# My Google Music problem with Gummycharged 2 FE



## manglepup (Aug 29, 2011)

Hey guys,

I absolutely love the rom! I have one problem however, google music wont play any songs. It sees my library and even loads the album art when i select a song, but the track wont play (and shows the circular "loading" animation). Any help or insights would be appreciated!

My sincere apologies if this isnt the proper way to ask for help.


----------



## VonnerNIX (Aug 22, 2011)

How long have you given it to load/refewh? Depending on how big your library is will determine how long it takes to update. Give it a lot of time.


----------



## ghettomuffin (Jun 11, 2011)

I had this problem as well recently and its an easy fix. On your computer, go to music.google.com and find settings. Look under devices and you will see a bunch of Droid Charges listed. This is due to flashing ROMs all the time as I do myself. It creates a new device everytime you set up your google account. Just delete a bunch of them and youre good to go.

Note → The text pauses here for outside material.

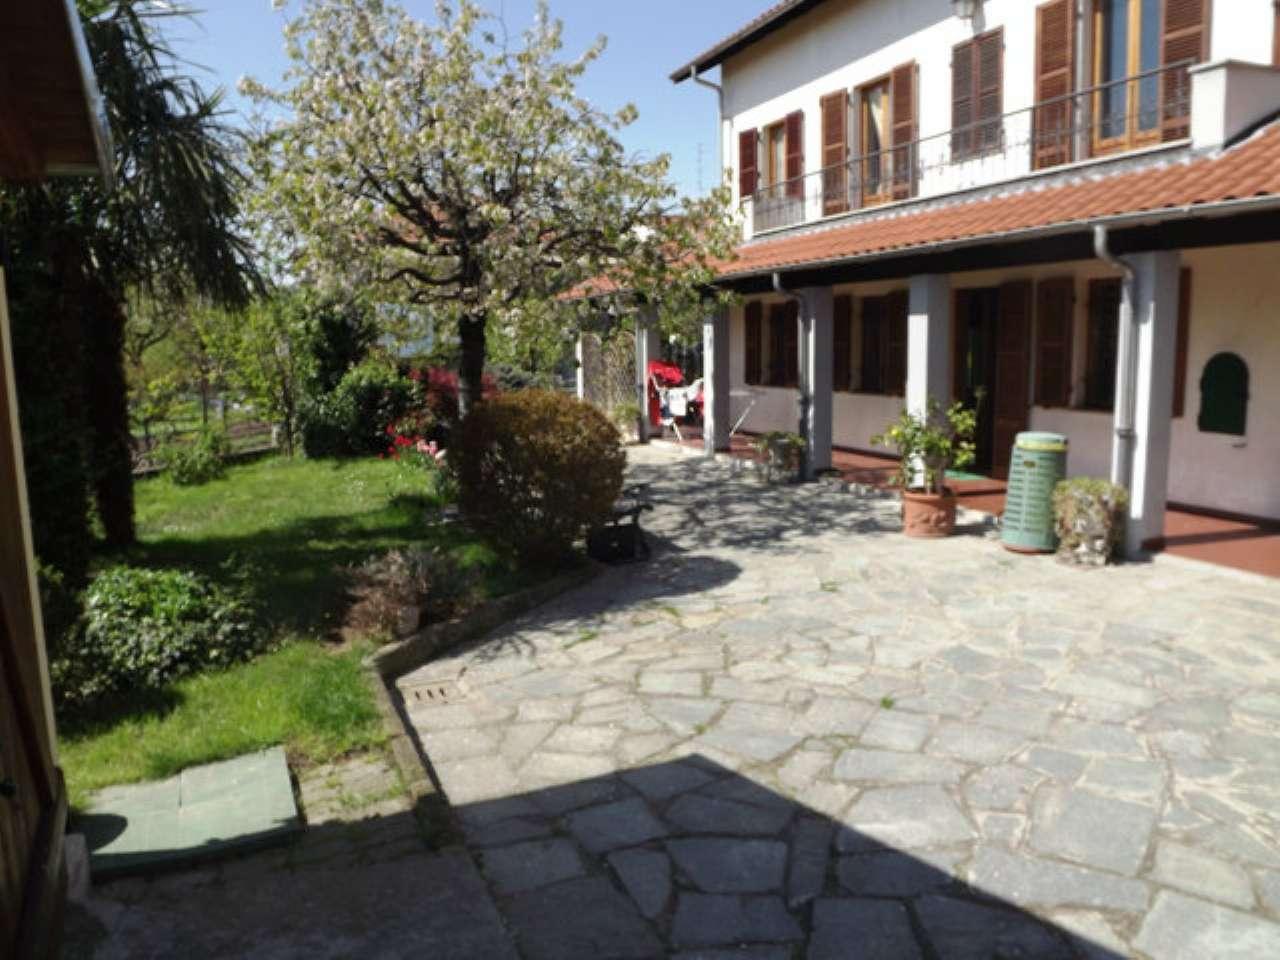 Villa in vendita a Moncalieri, 6 locali, prezzo € 449.000 | CambioCasa.it

Sent from my GT-P7510 using Tapatalk


----------



## VonnerNIX (Aug 22, 2011)

Interesting. I will have to give that a look.


----------



## manglepup (Aug 29, 2011)

Thanks, turns out I had to remove a few devices from old rom installs by going to music.google.com from a desktop browser and then going to settings. You can only have 8 devices authorized and I had multiple copies of my phone and tablet on authorized.

Cheers!


----------